Whoever’s mad about high property taxes apparently isn’t mad enough to get the Legislature to take action. The only big property tax bill left standing appears to be Governor Larry Rhoden’s wimpy Senate Bill 96, which passes the buck to counties by letting them impose a half-percent sales tax for the exclusive purpose of offsetting property tax reductions. SB 96 creaked through the Senate Monday on a 20–14 vote, but only after rookie Senator Joy Hohn (R-9/Hartford) amended the bill to clarify that counties cannot prevent residents from referring newly passed sales tax ordinance to a public vote.

SB 96 is remarkable in reversing the Legislature’s long-standing aversion to giving the counties any additional taxing authority.
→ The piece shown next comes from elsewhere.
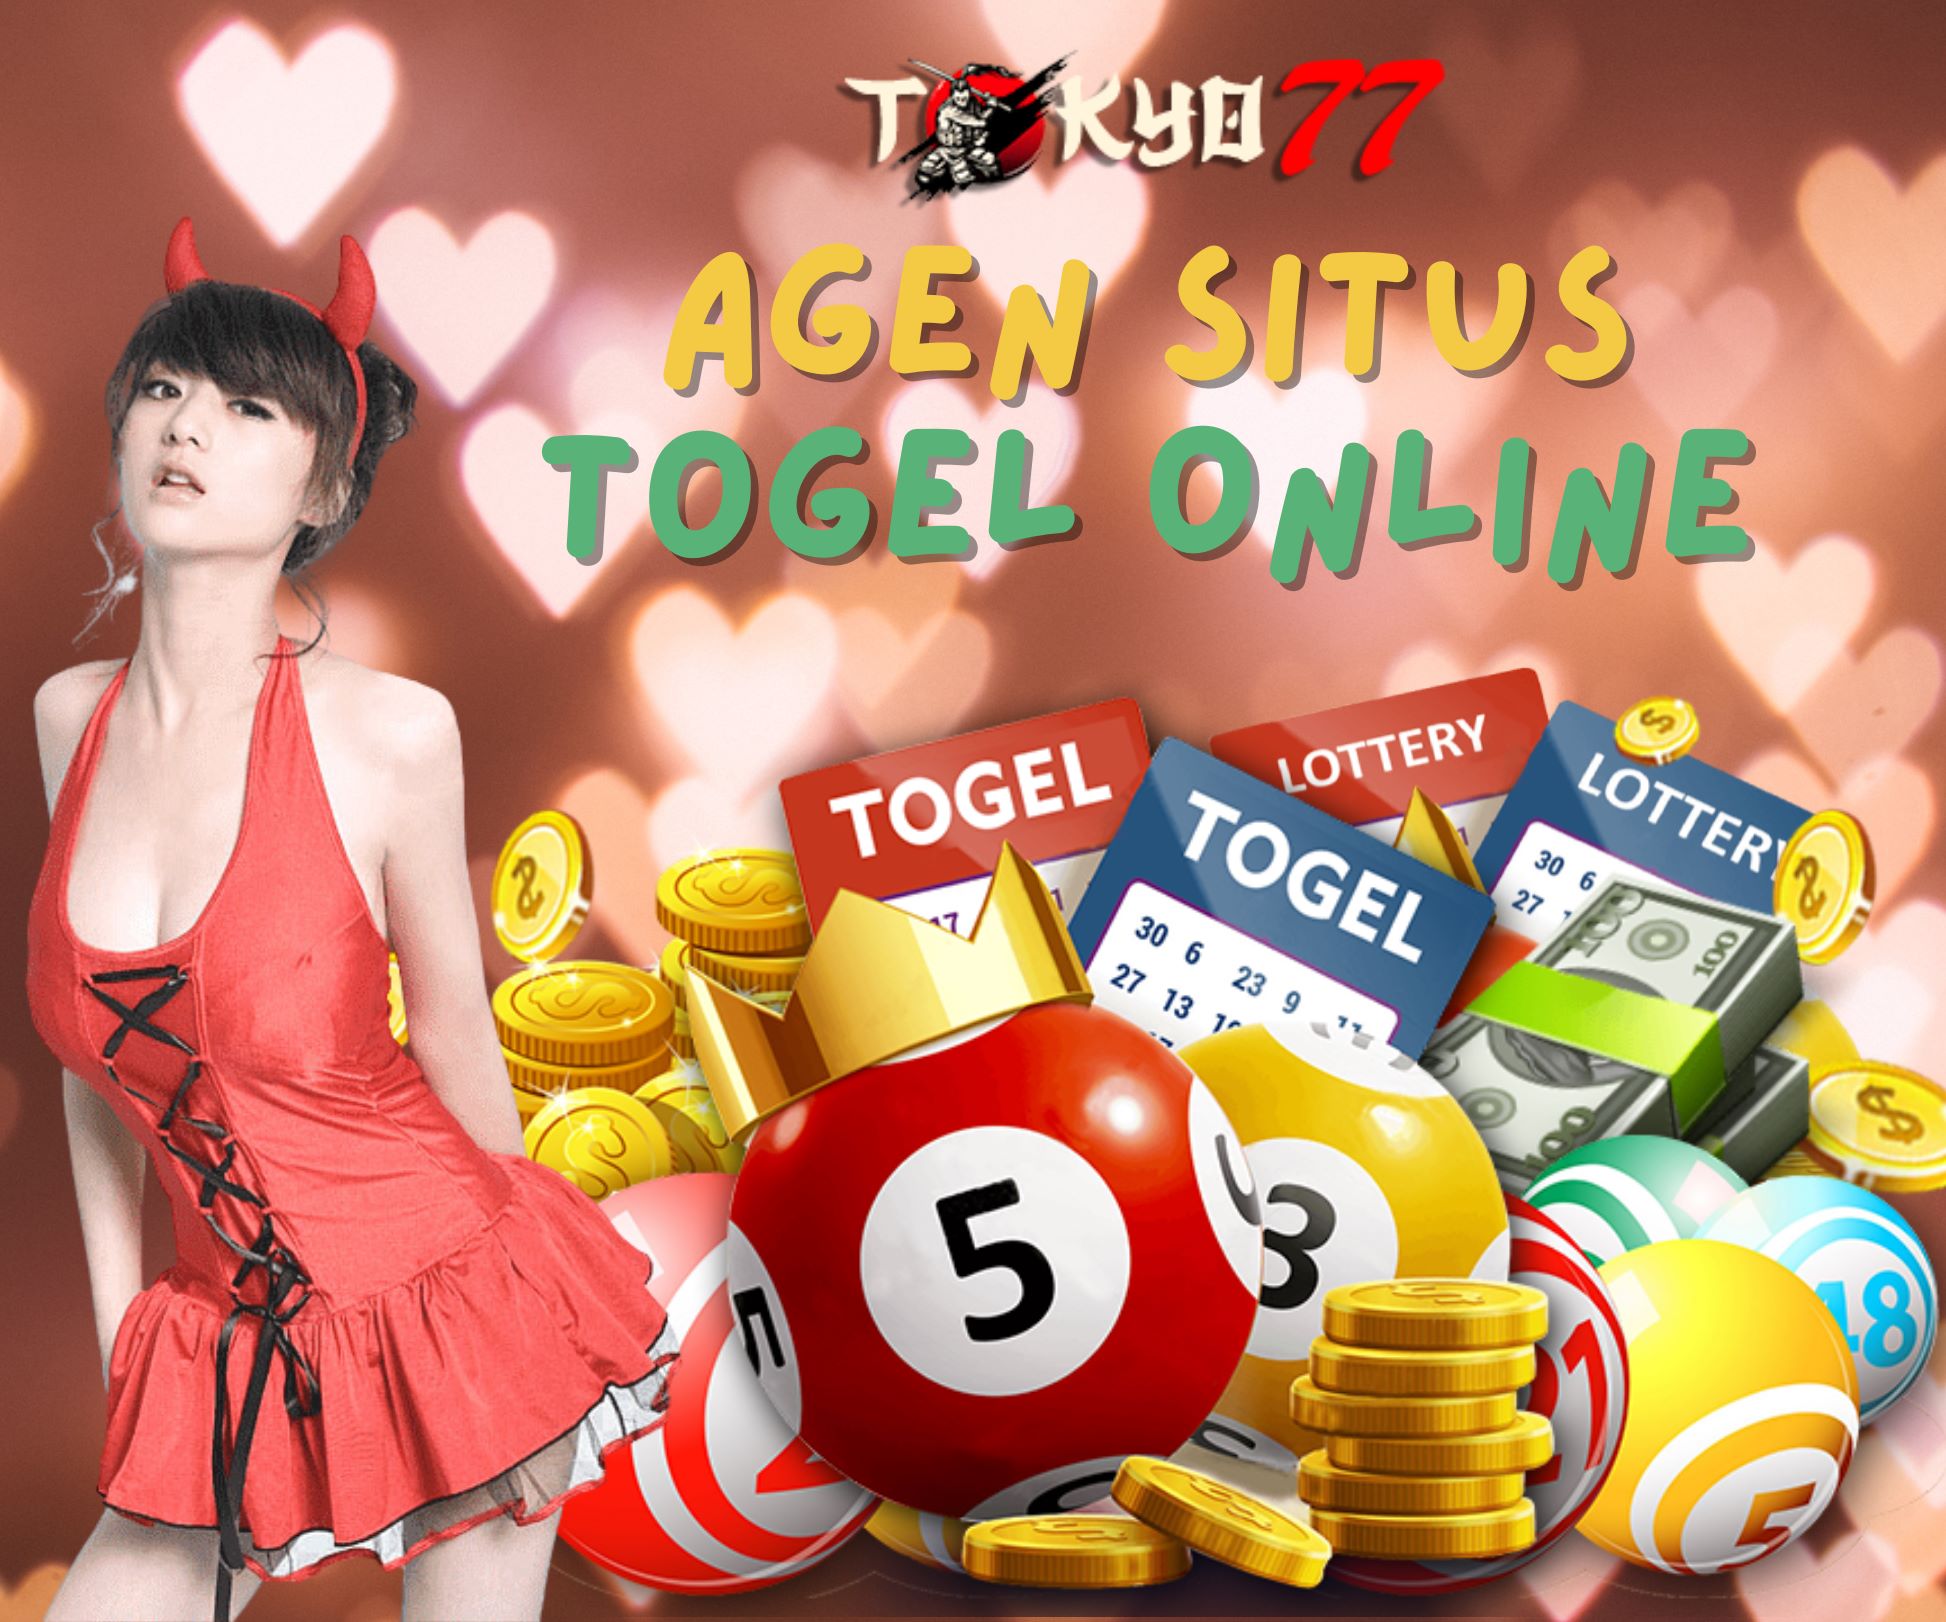 Online Togel: Feel the excitement of guessing your dreams
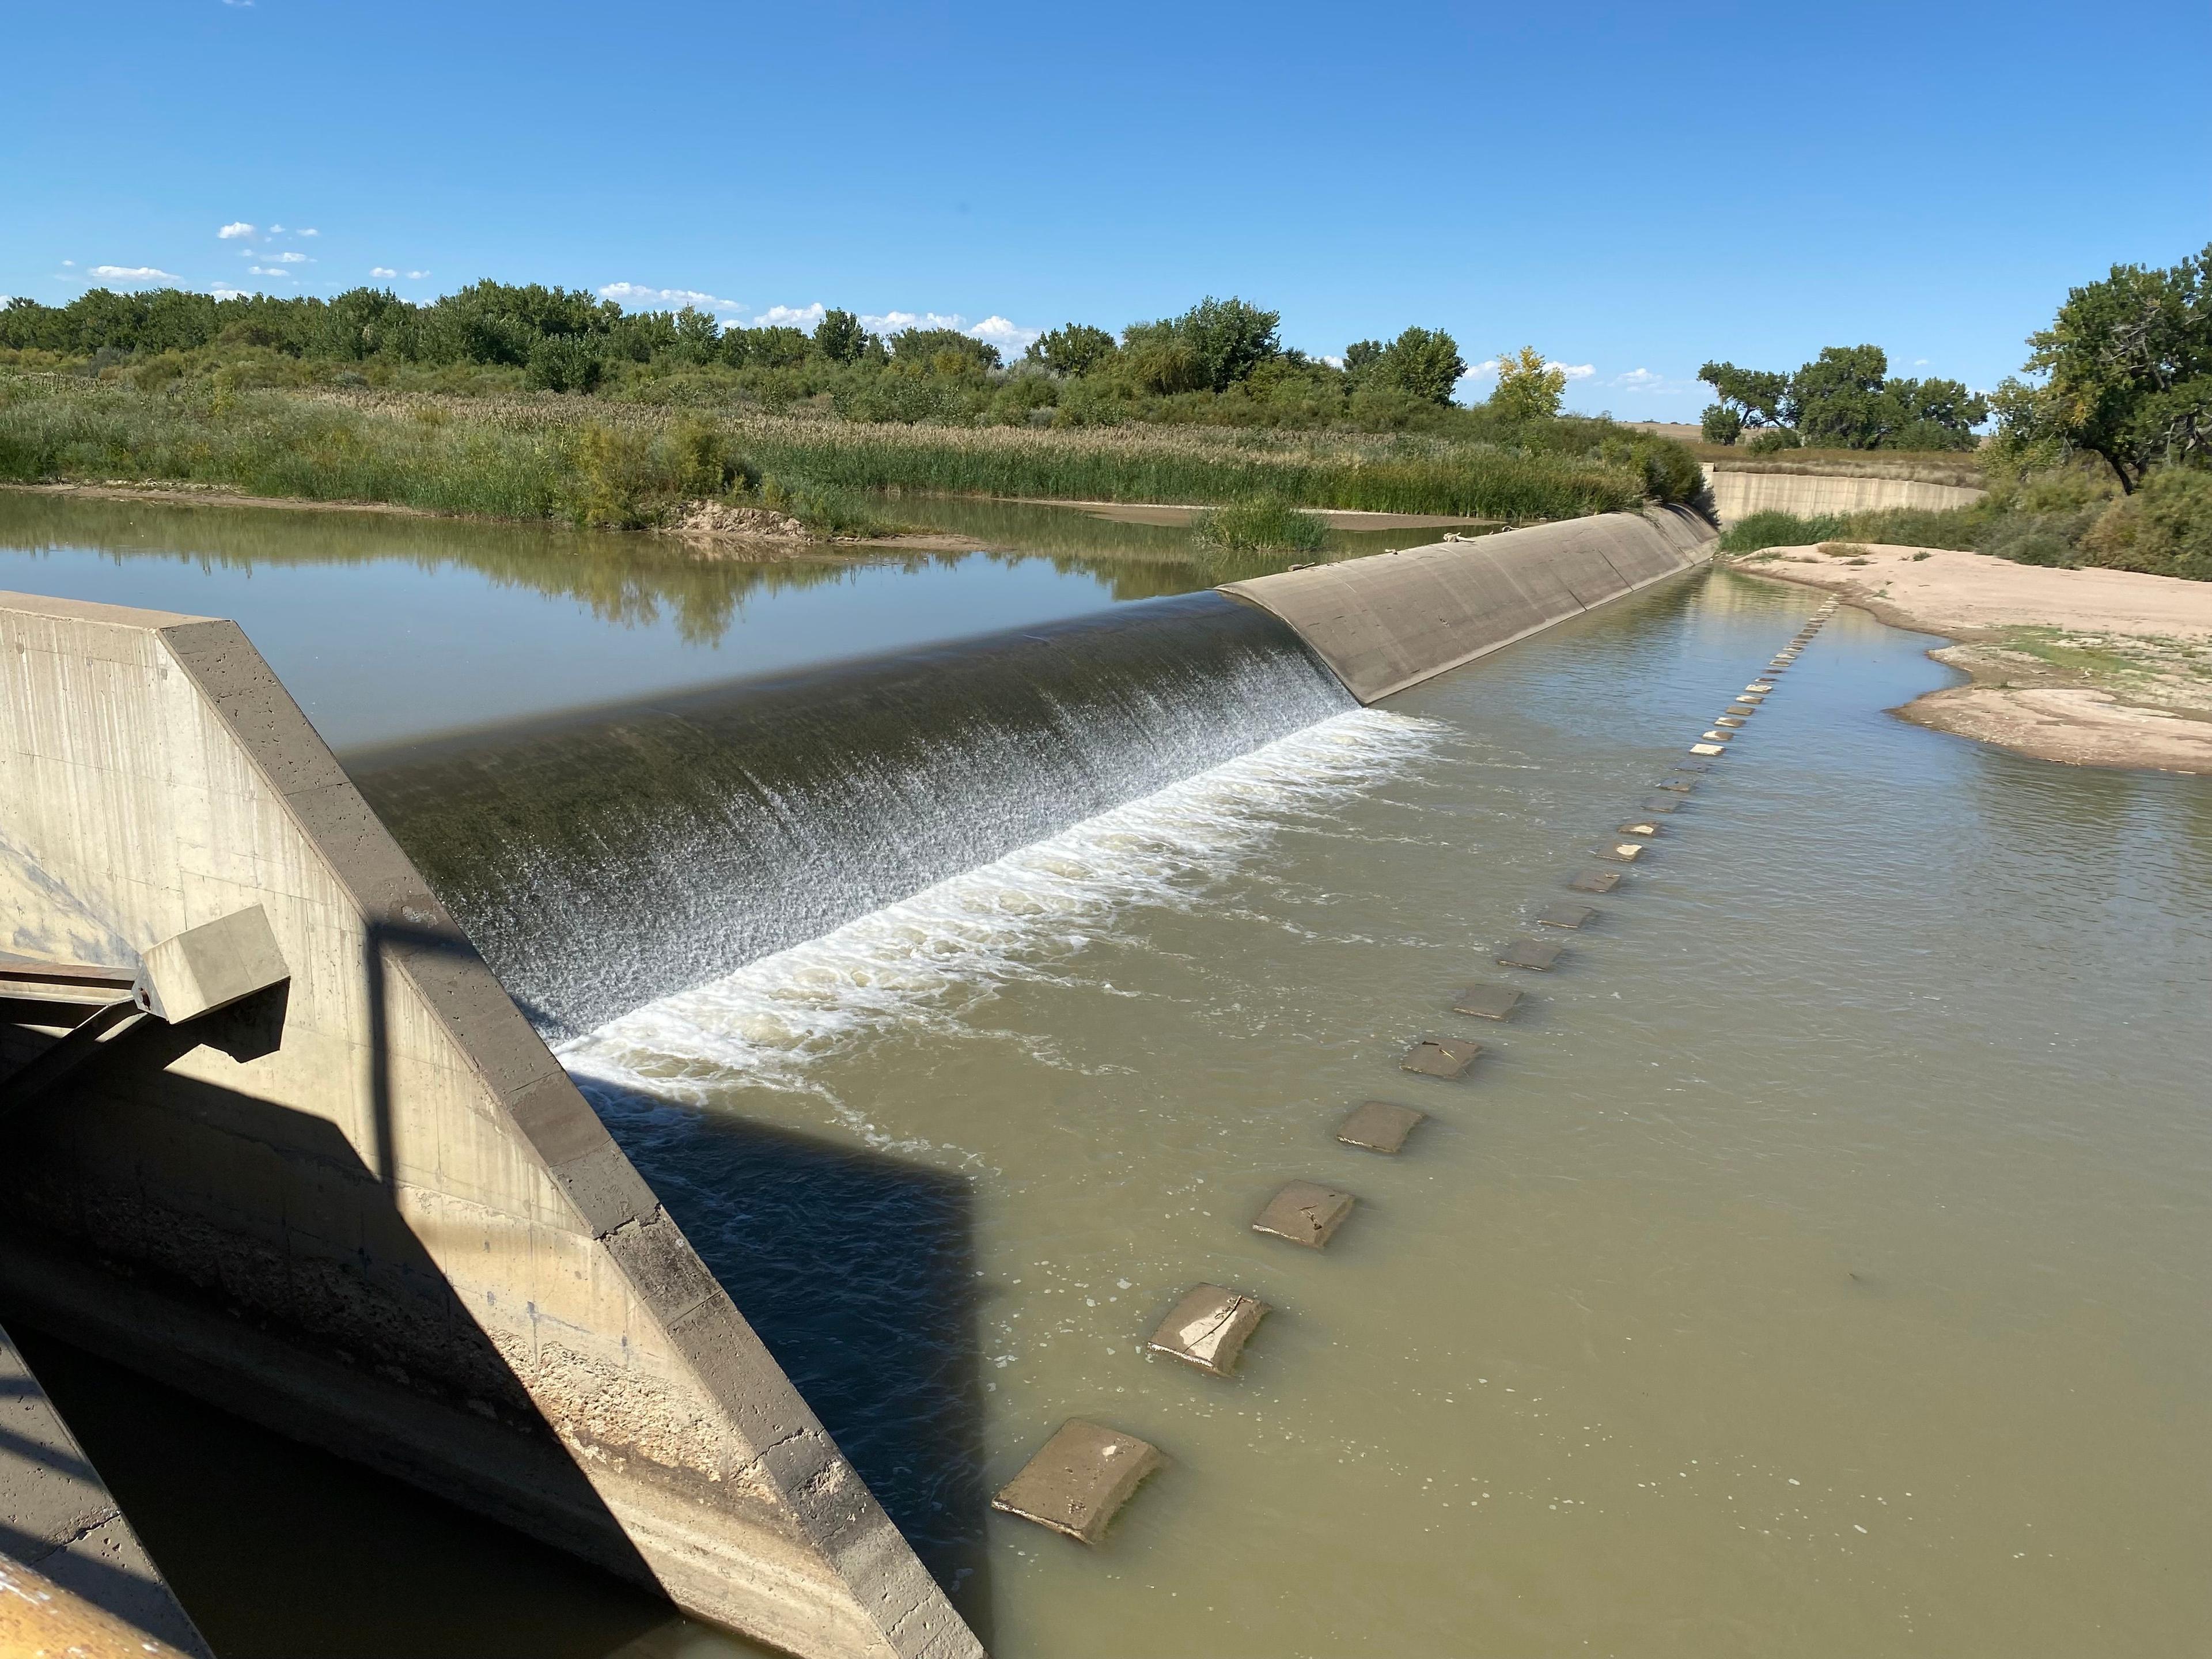 irrigation water flows over a small concrete dam with trees on the horizon and a cloudless blue sky above

But as a budget-neutral measure, SB 96 does nothing to help counties address budget shortfalls. As I noted in my read of the Governor’s fiscal estimate, a county sales tax would probably only knock down homeowners’ property taxes by 25%, since SB 96 won’t lower levies for schools, cities, and other taxing districts. The savings would be even less in counties like Turner, Clay, Custer, Fall River, McCook, and Marshall, where the Governor’s figures show a 0.5% county sales tax would fall well short of current property taxes on owner-occupied homes. And homeowners will pay a big chunk of their tax savings back to their counties at the local grocery and hardware stores.

But the Legislature can’t work up the courage to provide tax relief themselves and raise taxes to pay for it. Among the property/sales tax swaps they’ve nuked is House Bill 1308, rookie Representative Tim Czmowski’s (R-6/Sioux Falls) plan to zero levies on homes statewide and raise the sales tax to 5% to compensate local taxing districts and cover state budget items. Rep. Czmowski even got a fiscal note from the LRC saying that his figures worked out better than I thought, with the extra sales tax generating enough revenue to completely cover the lost property tax and ultimately leave over $63 million for the state to raise pay for state workers, school employees, and Medicaid providers. Unmoved, the House killed HB 1308 yesterday on a 24–42 vote.

Senator Taffy Howard (R-34/Rapid City) isn’t happy that the Legislature is passing the buck but not comprehensive statewide property tax reform:

Rapid City Republican Sen. Taffy Howard stood in the South Dakota Senate on Monday, saying she’d begrudgingly vote for authorizing counties to charge sales taxes.

“I’m not happy that we’re going to go back to our citizens and say, ‘Probably the only way we’re going to get property tax relief this year is through a new tax,’” Howard said. “I find that abhorrent” [Makenzie Huber, “County Sales Tax Emerges as Last Major Property Tax Reduction Proposal Standing in Legislature,” South Dakota Searchlight, 2026.02.24]

She’ll have a chance to test voters’ abhorrence in a few months as well. If the Legislature is misreading misread the electorate’s property-tax anger, Senator Howard should be able to rally like-minded property-tax slashers to primary the Republican balkers and come to Pierre in 2027 to take a real swipe at property taxes.